The rumble of pounding feet touched her knees through the grass.
She couldn’t sit there — cowering — she had to move. If she didn’t, Fehn would die, and none of them were going to die. They all had to leave together.
She stepped out of cover and into the path of the man with the aether-tech lance. Her heart stopped. He stabbed at her, but she dodged, using her practice against Shy’s polearm to inform her movement. He thrust again, and Tayel sidestepped, bringing her baton down hard on his exposed hand. He shrieked, and with the grip on his weapon loosened, Tayel snatched it away. He turned and ran.
A booming gunshot fired from nearby and she started, dropping the lance. A guard behind her — much too close — slumped forward, and Fehn’s shotgun smoked with the shot. She jumped into cover with him as laser fire torched the grass around their barricade.
“Fine?” She couldn’t spare the breath to ask a complete question.
He nodded hurriedly, but the growing stain of blood on his jacket made her stand. She had to get him to the ship. A snap and a hiss echoed in her ears and she fell forward. Her arms tingled with the sensation of her shield fizzling out. Fear churned in her gut and bubbled up her throat.
“How long do these things take to recharge?” she blurted, voice shaking.
The barrels vibrated with gun shots.
“Dunno,” Fehn grunted. He pinched his eyes shut and before she could stop him, he tugged the arrow out of his shoulder. He groaned and tossed the thing aside.
“Councilwoman!” a guard shouted.
All of Tayel’s muscles went impossibly stiff. Her heart stopped. Her palms sweat. She inched her face around the edge of a barrel. The Delta councilwoman stepped out of the trees, her eyes trained on the barricade.
“Who?” Fehn asked.
“Rokkir,” Tayel breathed.
“So,” the Argel cooed. “You’ve all learned our little secret.”
“Councilwoman, please retreat yourself to safety!” a man yelled. “There are more of us on the way and it’s dangerous to—”
“Vile human!”
Her talon erupted with dark aether she fired at the guard. It punched into him, and he soared, lost in the trees around the clearing. The other men stopped their firing, some stunned, some terrified. The Rokkir downed them all in seconds . One by one, she rid the clearing of guards until it was just her, standing alone, Argelian features calm.
“She’s — she’s sick,” Fehn groaned. “Why would—? Red, we need to…” He trailed off, eyes on Shy’s ship. It sat motionless, engines off, not at all ready to fly.
A wave of dark aether broke through the barricade, picking Tayel up and heaving her through the air. She crashed into the ground, skidding along the grass for yards until stopping. Cold mud caked her arms and pants, and her body ached. Her muscles twitched groggily at her directive to move, but her mind raced.
The Rokkir laughed. Tayel craned her throbbing neck. A wall of aether cascaded forward. Her body seized with terror, and the darkness crunched into her, picking her off the ground and tossing her to the edge of the trees. She landed with a thud , and the mag baton slipped from her grip.

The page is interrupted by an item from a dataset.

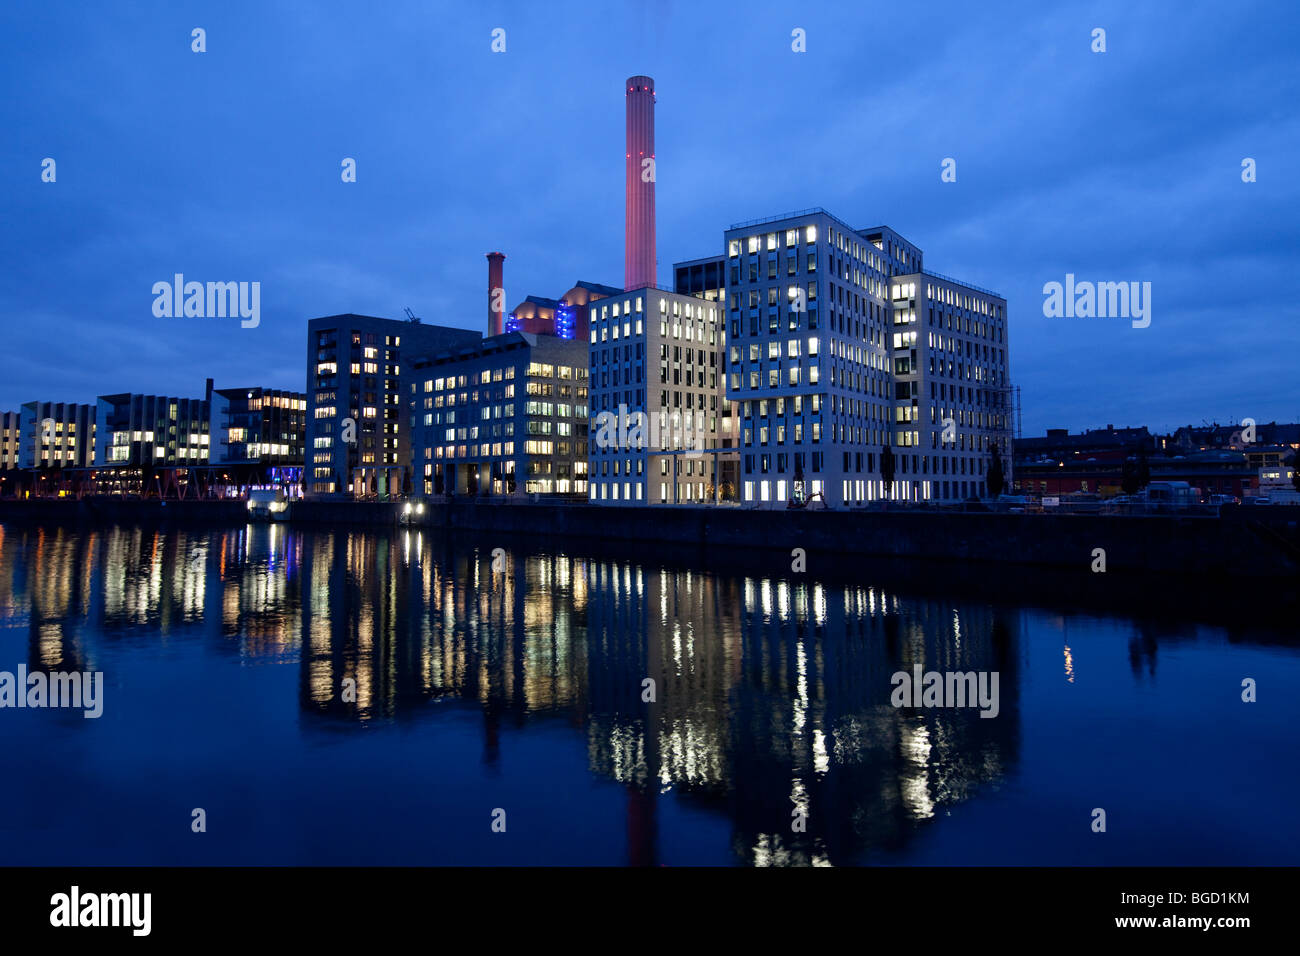 Industrial building, heating plant in the Westhafen harbor, Frankfurt am Main, Hesse, Germany, Europe - Stock Image

She opened her mouth, struggled to breathe, but the air wouldn’t come. She rolled onto her hands and knees, and a little breath sucked in. Her vision blurred. Her hand moved to her throat, a pointless attempt to open her airway from the outside. The grass spun, a twirl of pale green strings.

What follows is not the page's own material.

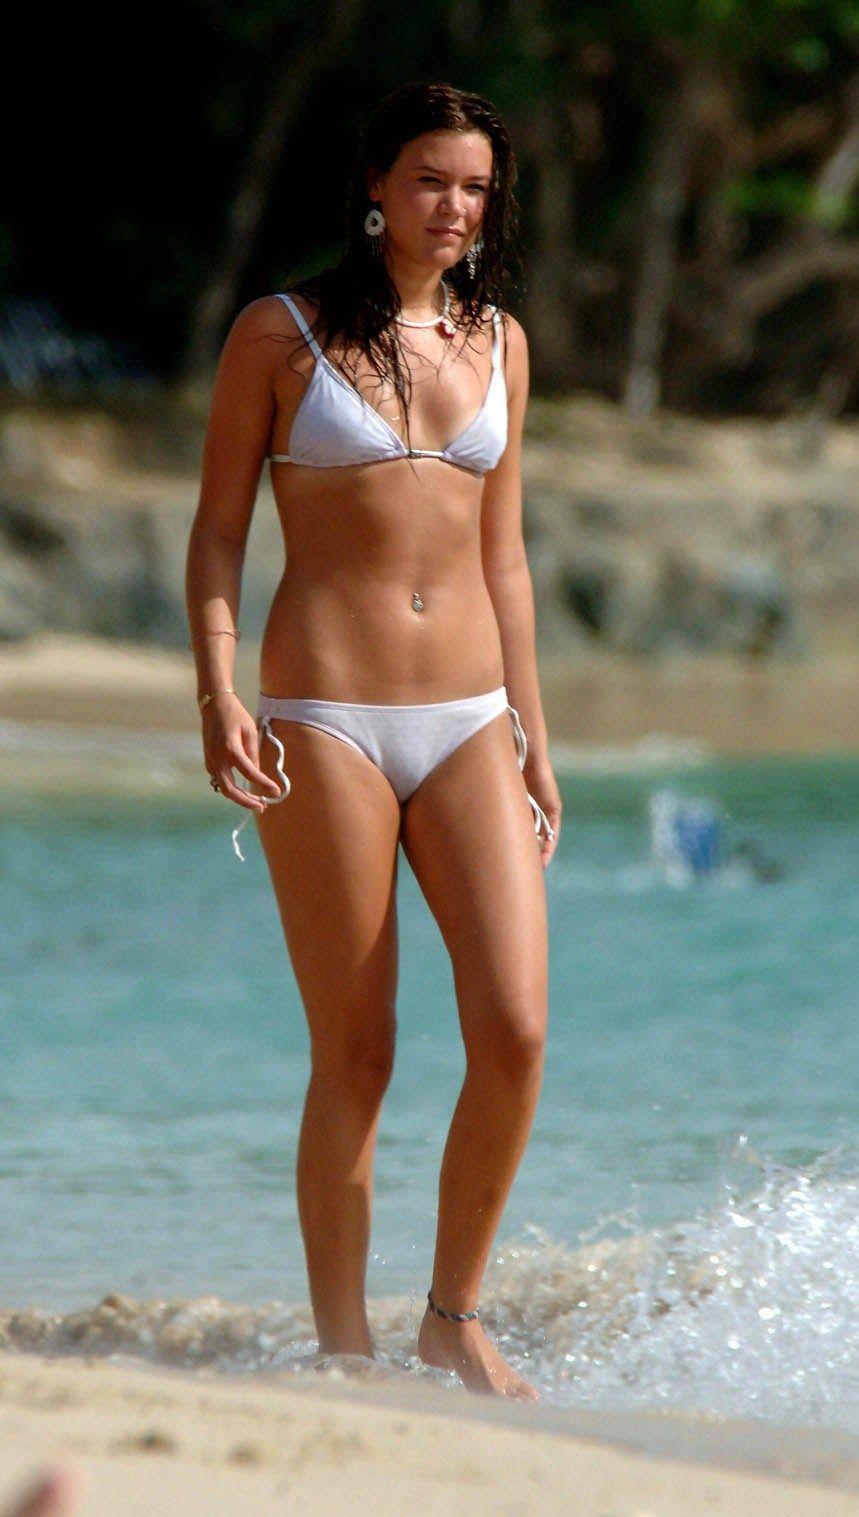 Hacked Anastasia Bondarchuk nudes (11 foto and video), Sexy, Sideboobs, Feet, butt 2006

A sharp, squawking cry cut through the haze. “Tayel!”
Jace screamed from the ship. Its engines revved, a booming roar over his cries.
Tayel grit her teeth. She tried to move her arms, but they had become jelly. Something hard kicked her over, face toward the sky. The Rokkir planted her foot on Tayel’s gut, pressing. The cartilage around the woman’s beak lifted into a smile.
“Oh, you’re Tayel.” She whistled a short, eerie tune. “Ruxbane wants you alive?” She cocked her head like she was contemplating the idea. Her eye ridges narrowed, her smile widened, and she gathered the aether to her.
No. Tayel clawed at the grass. She thought of her mom, and Jace, and Fehn, and Shy and all the things she hadn’t done, the Rokkir she hadn’t stopped. Her eyes darted, searching for her weapon.